Setup
I just finished watching Quantopian's Lecture on Kalman Filters and went through the notebook.
For those who want to learn more, I found the following links extremely useful:
- Concept
- Equations
- Beta Example
- Numerical Example
- A Textbook
- An IPython Textbook
The Python library that is being used is pykalman
The Code
In the Quantopian notebook, the meat of the code is here:
start = '2012-01-01'
end = '2015-01-01'
y = get_pricing('AMZN', fields='price', start_date=start, end_date=end)
x = get_pricing('SPY', fields='price', start_date=start, end_date=end)
delta = 1e-3
trans_cov = delta / (1 - delta) * np.eye(2) # How much random walk wiggles
obs_mat = np.expand_dims(np.vstack([[x], [np.ones(len(x))]]).T, axis=1)
kf = KalmanFilter(n_dim_obs=1, n_dim_state=2, # y is 1-dimensional, (alpha, beta) is 2-dimensional
initial_state_mean=[0,0],
initial_state_covariance=np.ones((2, 2)),
transition_matrices=np.eye(2),
observation_matrices=obs_mat,
observation_covariance=2,
transition_covariance=trans_cov)
# Use the observations y to get running estimates and errors for the state parameters
state_means, state_covs = kf.filter(y.values)
Question 1: How to pick delta? Why delta / (1 - delta) * np.eye(2)?
Where does a delta of 1e-3 come from? And why not just do:
trans_cov = delta * np.eye(2) # How much random walk wiggles
Perhaps this is something that must be optimized using some cross-validation, although I'm not sure what metric to use. If anyone has any insight, would greatly appreciate it.
Question 2: How is observation_covariance = 2 decided?
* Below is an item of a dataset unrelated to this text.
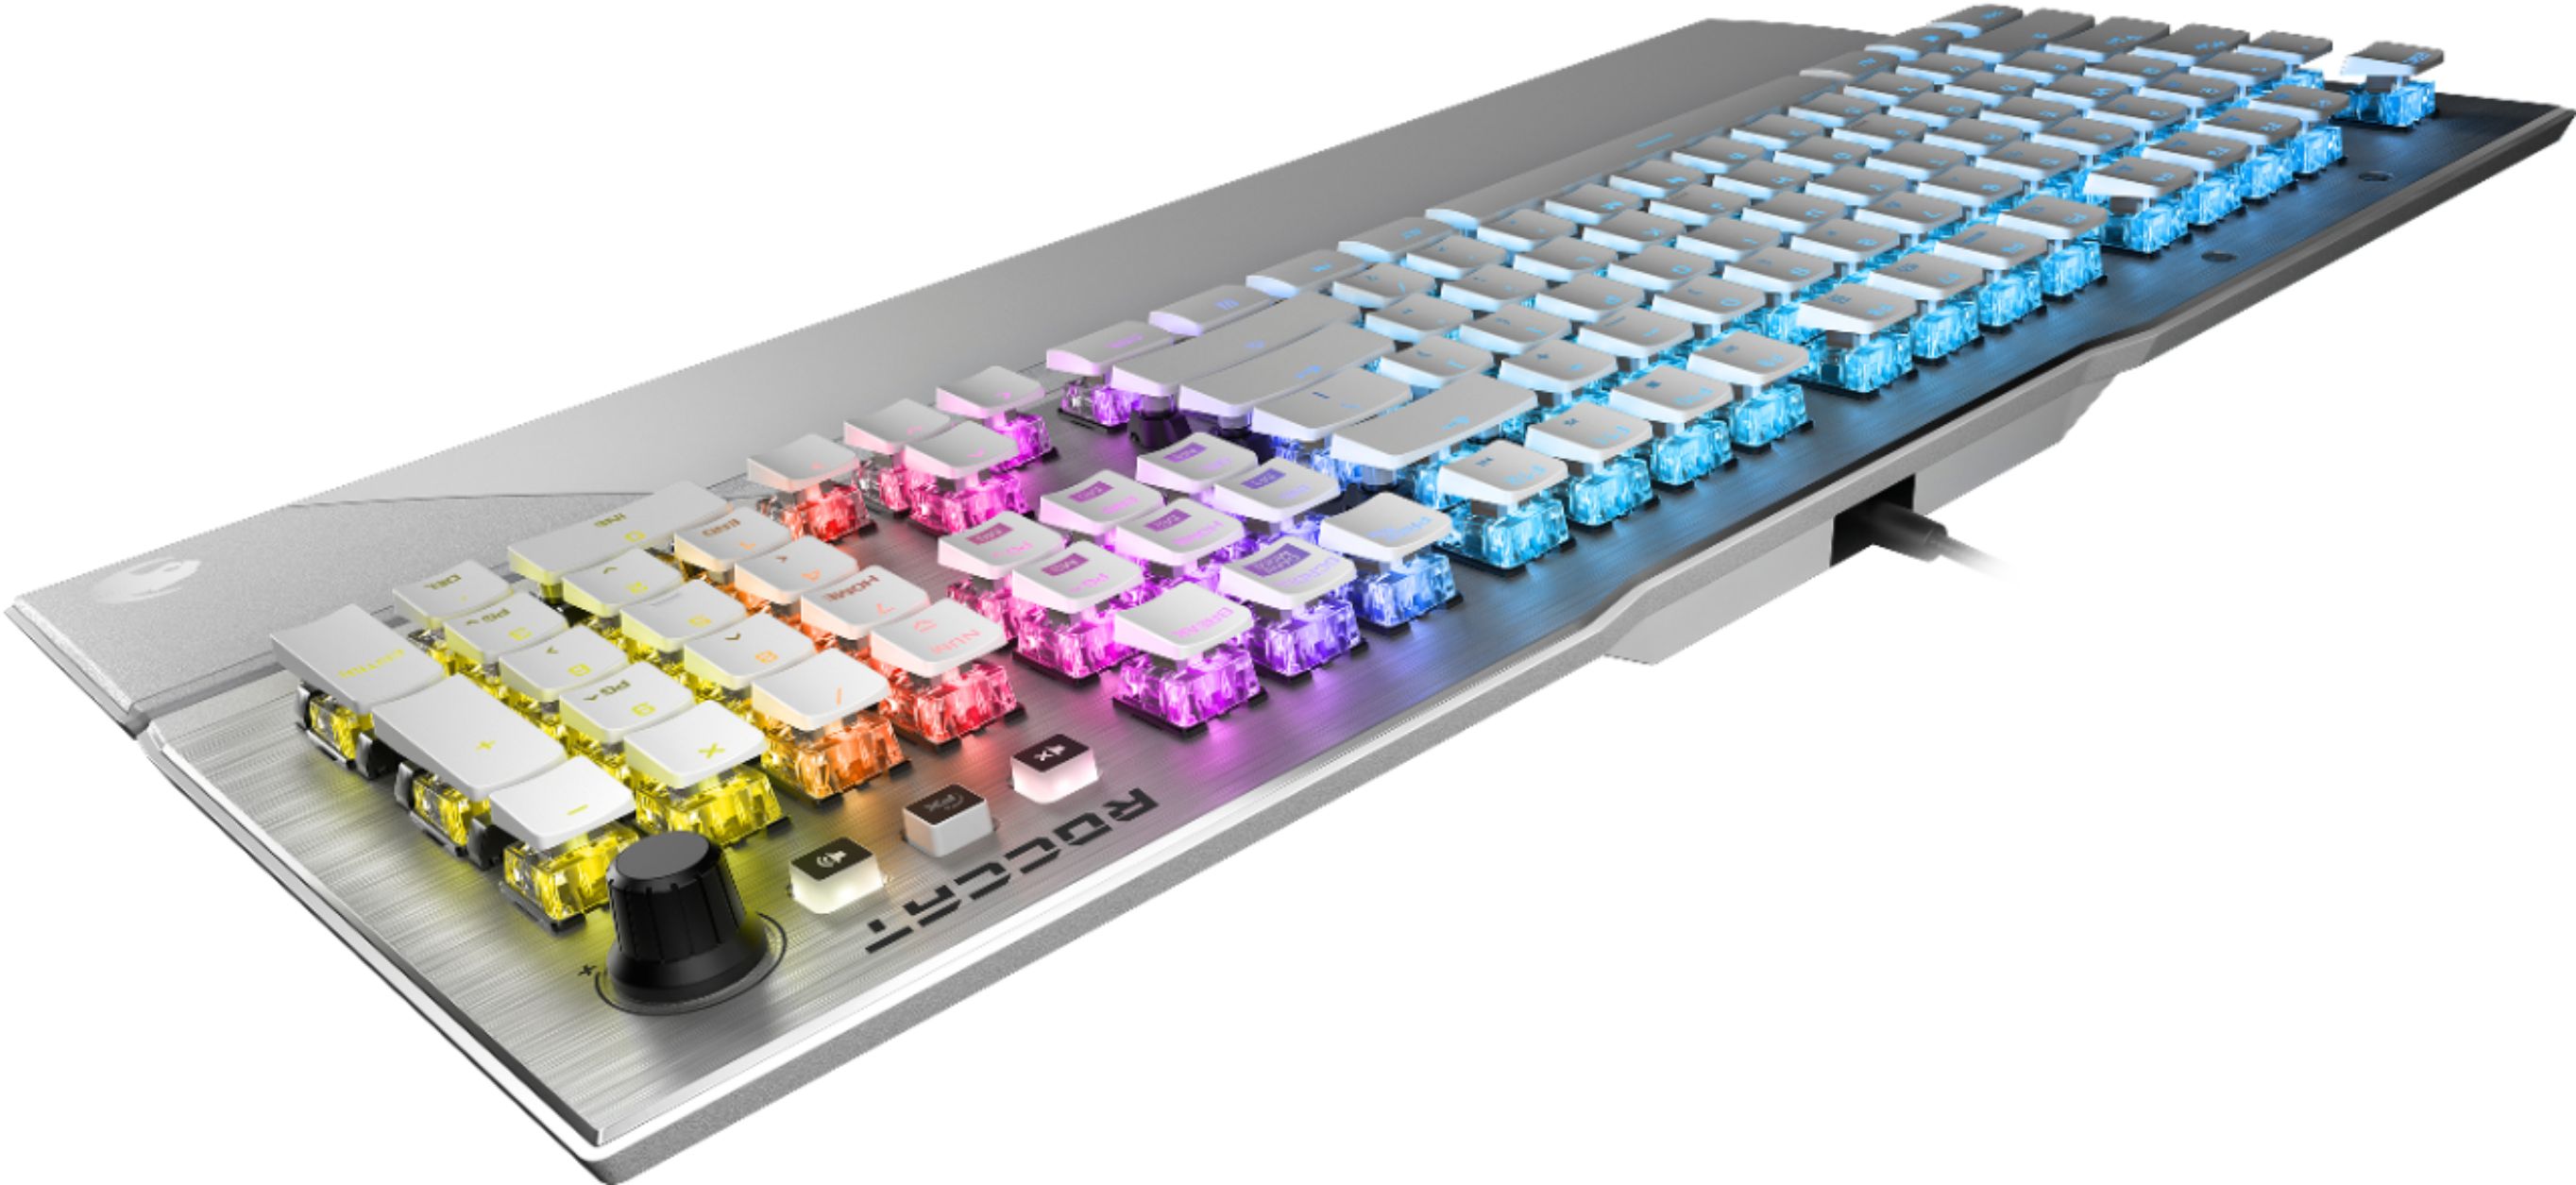 Angle View: ROCCAT - Vulcan 122 Full-size Mechanical PC Gaming Keyboard with Tactile Titan Switch, AIMO RGB Lighting and Detachable Palm Rest - Arctic White

I understand we're talking about prices here, and $2 move for a stock 'feels' like a good estimate for the variance of the price of Amazon, but is there a better way to select this rather than gut feelings?
Question 3: Why is this approach better than just doing some rolling beta?
At the end of the day, to do some rolling beta you must decide what the lookback window is.
I understand the appeal of Kalman because you don't decide the lookback window, but you do need to decide transition_covariance? And changing this can have the same effect as increasing/decreasing your lookback window.
Question 4: Best Practices
Are there best practices that I should be aware of?
The only thing I can find was this on Quora.
Thanks
Any help would greatly be appreciated. And if anyone has any questions that I might be able to answer, feel free to ask me in this thread.